Overeating is concerning these days because people are overeating and it makes them less active. Considering the busy schedules and stressed lives of people, the importance of proper classification of food is vital and will play a significant role in the lives of people.

Over the past few years, a fair amount of research and development have been carried out in the field of calorie analysis and visual-based diet, and still, the efficient and structured extraction of information from the food clicks remains an exigent issue. Few of the techniques that are currently in use for dietary assessment included manually recording instruments and self-reporting and doing it manually makes it a tedious task to execute. To overcome this, enhancements to the present techniques are a necessity. One of the possible potential solutions to overcome this challenge is the mobile cloud computing system.

In this paper, the YOLO algorithm has been used to classify the food images. The main praise worthy feature of this algorithm is its remarkable speed. It is outstanding when it comes to execution and speed and processes 45 frames per second. With the capability to acknowledge generalized object representation, YOLO algorithms stand to be the best algorithm for detection of objects. The architecture of this algorithm is more like fully convolutional neural network (FCNN). Full images are trained by YOLO, and it precisely optimizes the detection performance.

1.1 Organization of the Paper

Section 2 that is literature survey presents the related works and techniques that are used in classifying the food through the processing of images. Section 3 details the proposed methodology using the YOLO algorithm, and further in the paper Sect. 4, results and analysis have been explained. Conclusion and future scope have been presented in the Sect. 5 of the paper, and Sect. 5 marks the end of the paper.

1.2 Contribution of the Paper

  • In dataset used in this work consists of 80 different categories or classes of Indian Food Images consisting of 4000 instances.

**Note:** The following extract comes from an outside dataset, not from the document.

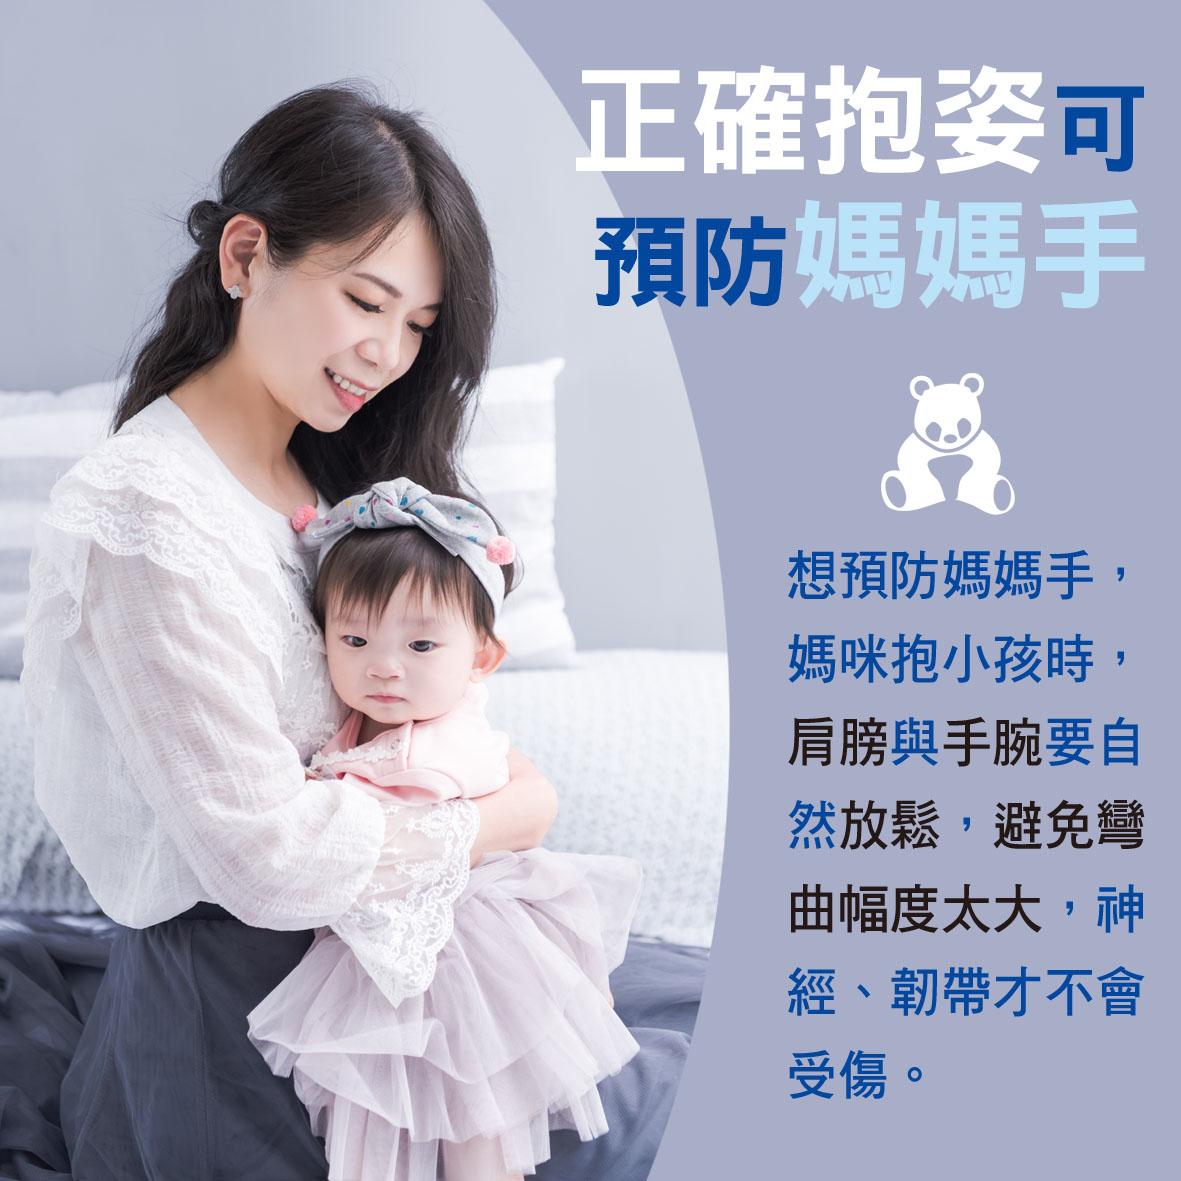 寶寶篇第23週-正確抱姿可預防媽媽手
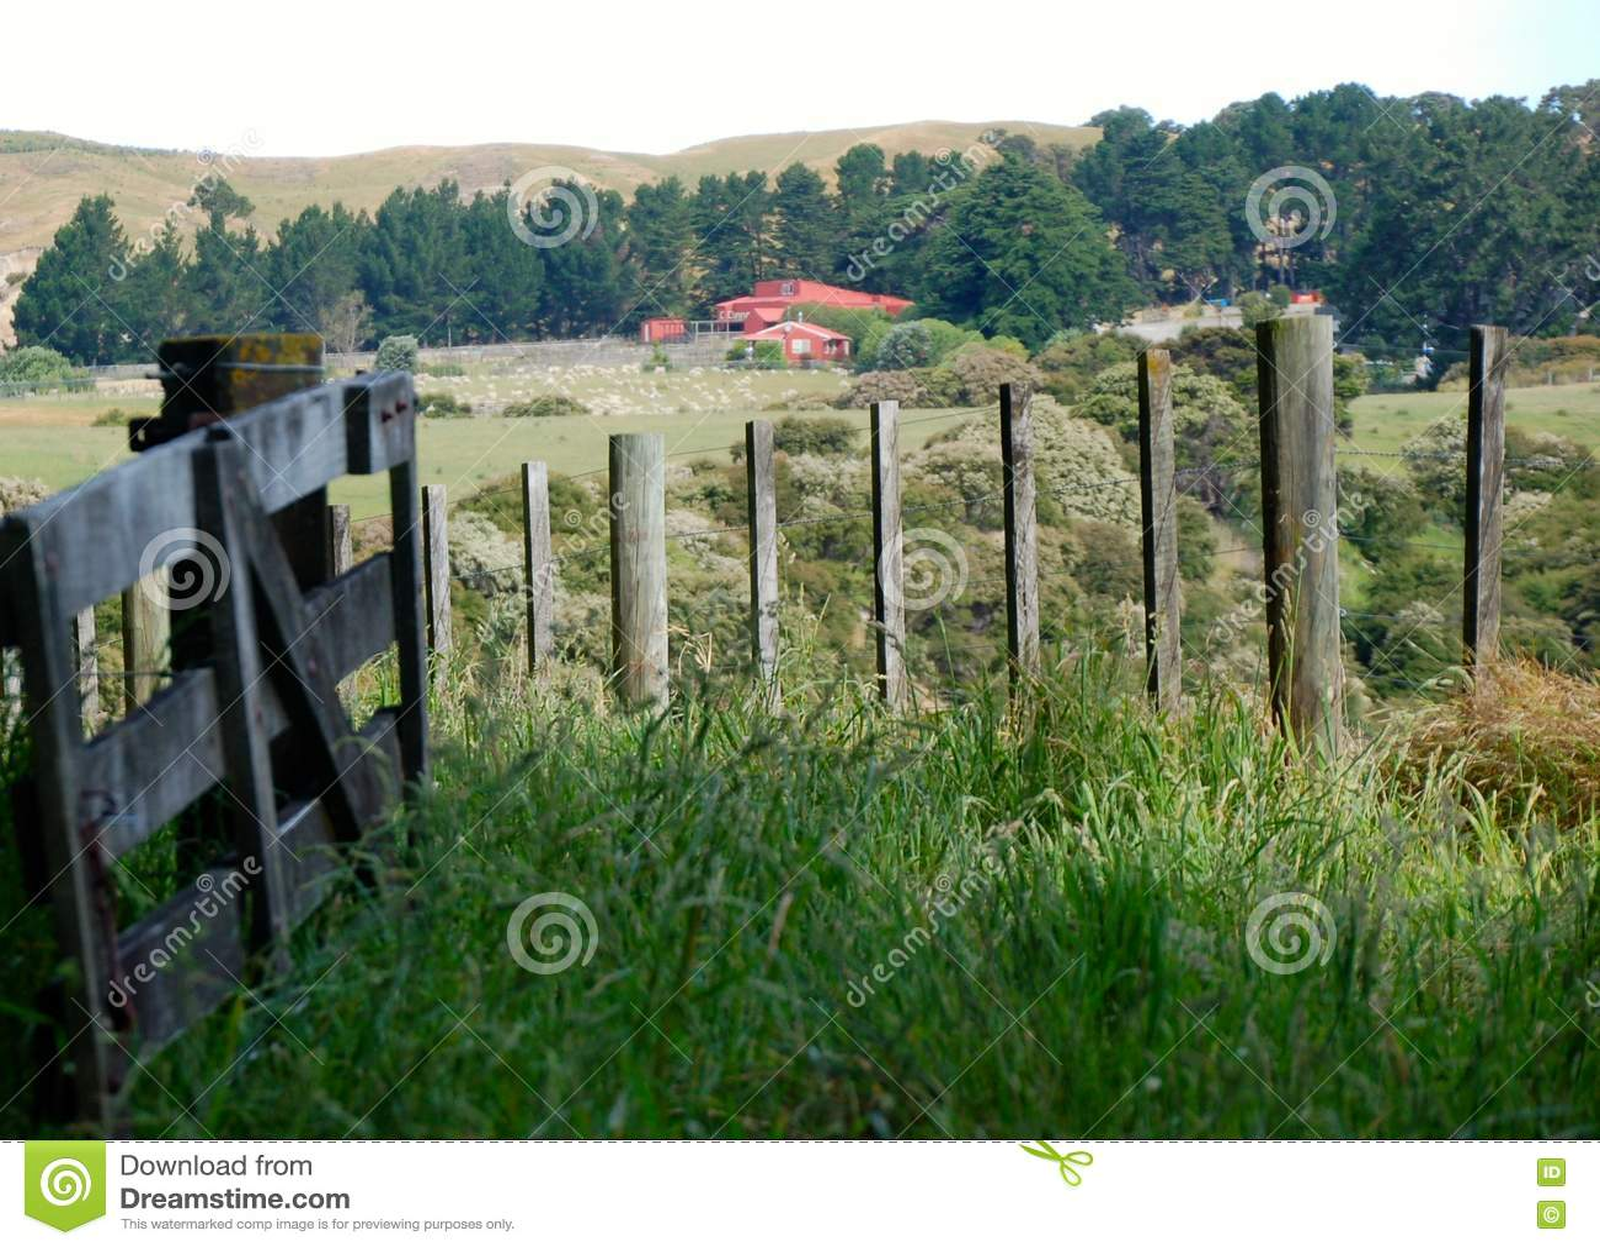 Bello paesaggio, terreno coltivabile, paesaggio rustico

  • The paper explains the YOLO algorithm in detail along with its use in developing the food classification model.

  • Comparison based on efficiency and working methodology has been done among several algorithms and techniques that are used in developing food classification and presented.

  • Recent work of many different researchers focusing on food classification has been explained in the literature survey of the paper.

  • The paper also provides an insight on the future work that could be done in order to enhance the performance of the model that is presented in the paper.

2 Literature Survey

In this literature survey, multiple papers targeting food classification using image processing techniques and many different algorithms have been reviewed, and the information extracted after reviewing the papers has been mentioned below.

To develop the model for classifying food using the food images, in [1], the dataset that was used contained 101,000 images and 101 categories. To make the system realistic, this dataset was considered. In the dataset, each food category contained 750 clips for training and 250 clips of testing. To train the huge dataset that contains multimedia data, CNN requires high-performance computing machines. After training the system properly, it was able to produce results in an efficient time.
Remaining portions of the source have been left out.